A key objective when designing layouts for deep gold mines is to minimise “excessive” stress concentrations. This is currently achieved by elastic numerical modelling of the layouts and using historic design criteria such as average pillar stress and energy release rate. These two criteria are imperfect as they do not consider the extensive stressrelated fracturing of the rock mass that is ubiquitous in the deep gold mines. Other forms of inelastic behaviour, such as total closure, cannot adequately be considered when using these criteria. As many of the older mines exploit remnants, the question should be asked to what extent these criteria are valid in older mines and remnant areas, and if they are not, what alternative method should be used to estimate the stress distribution and associated hazard. A very important component of the planned work is the development of enhanced design criteria and appropriate numerical tools that can be used to assist with the layout design of these deep gold mines.
The following publications emanated from the work conducted in this Research Chair:
• Jooste, Y & Malan, DF. 2020. The need for improved layout design criteria for deep tabular stopes.

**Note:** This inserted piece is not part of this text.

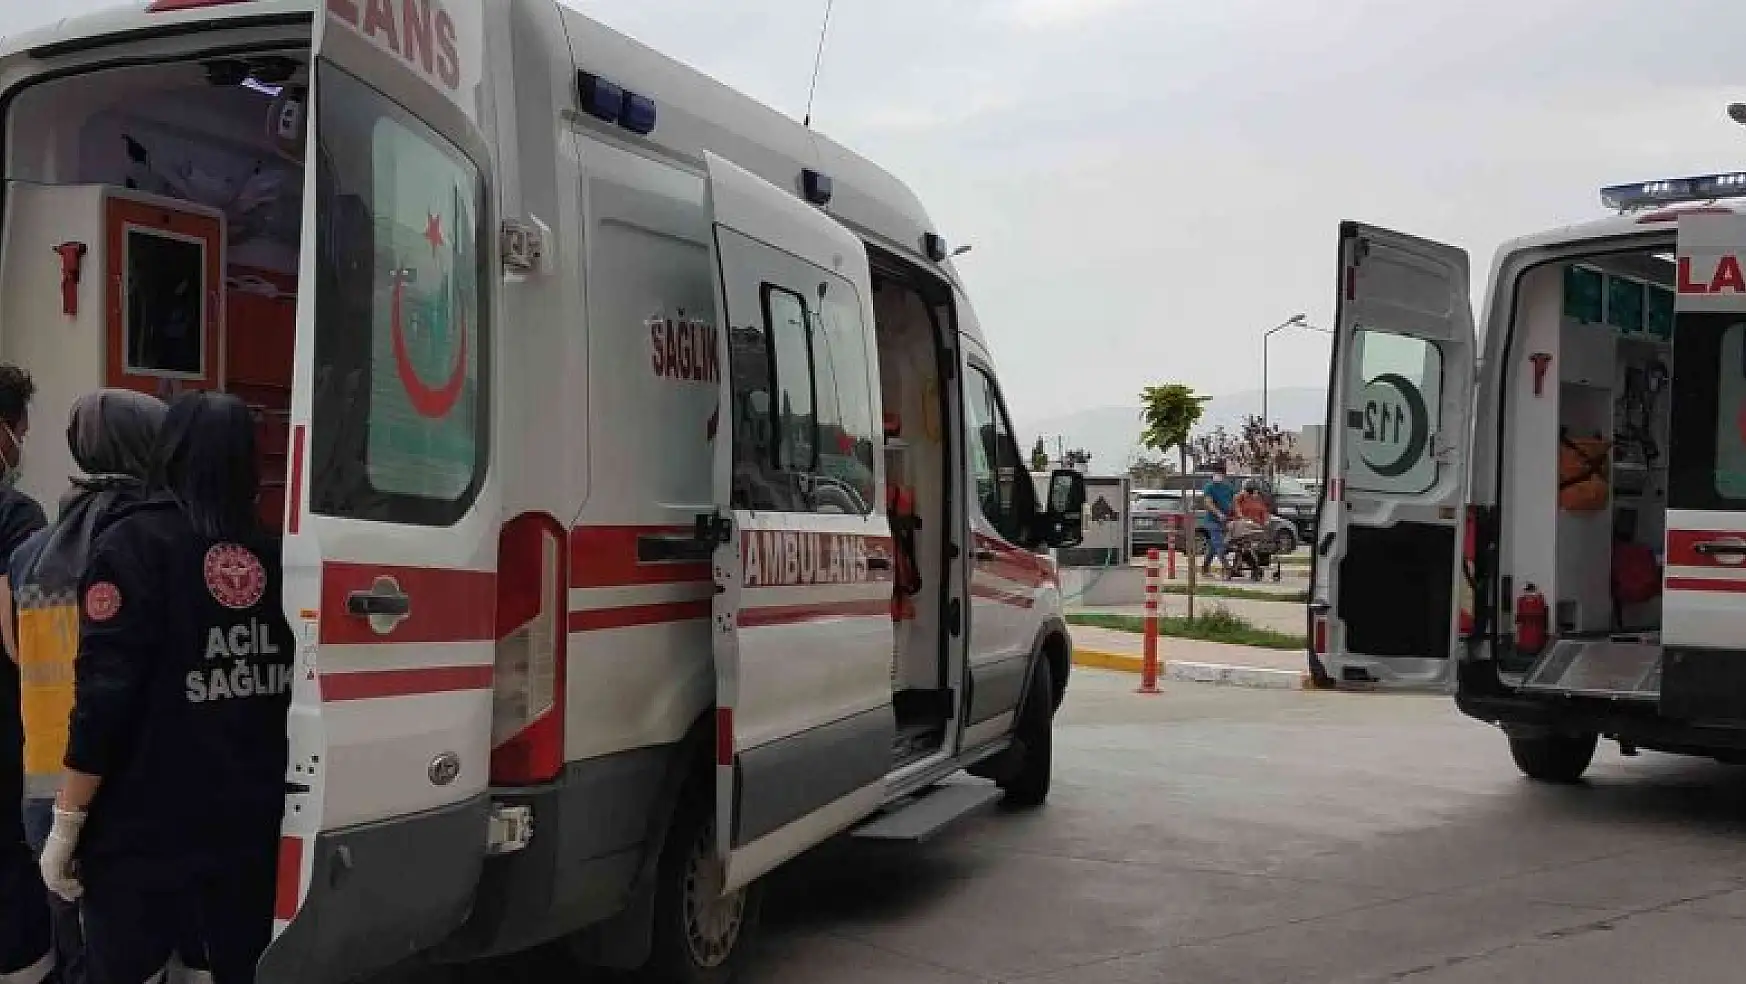 İliç- Refahiye kara yolunda trafik kazası: 5 yaralı

Journal of the South
African Institute of Mining and Metallurgy, 120(1): 23–32. • Couto, PM & Malan, DF. 2020. Production rates versus seismic response in deep-level mining (accepted for the proposed International Society for Rock Mechanics (ISRM) International Symposium, Eurock 2020 – Hard Rock Engineering, which was to be held in Trondheim, Norway, in October 2020 (but cancelled due to the COVID-19 pandemic)
The following progress reports were also published during the period under review:
• Automated determination of remnant and crush pillar extraction sequence (20 February 2020) • Test of a proposed numerical model for pillar edge spalling (18 May 2020) • Effect of interface slip and pillar modulus on pillar loading stress distribution (18 July 2020) • Use of stored kernel tables for the efficient solution of tabular mining problems (24 August 2020) • Total closure and back-area stress (9 October 2020)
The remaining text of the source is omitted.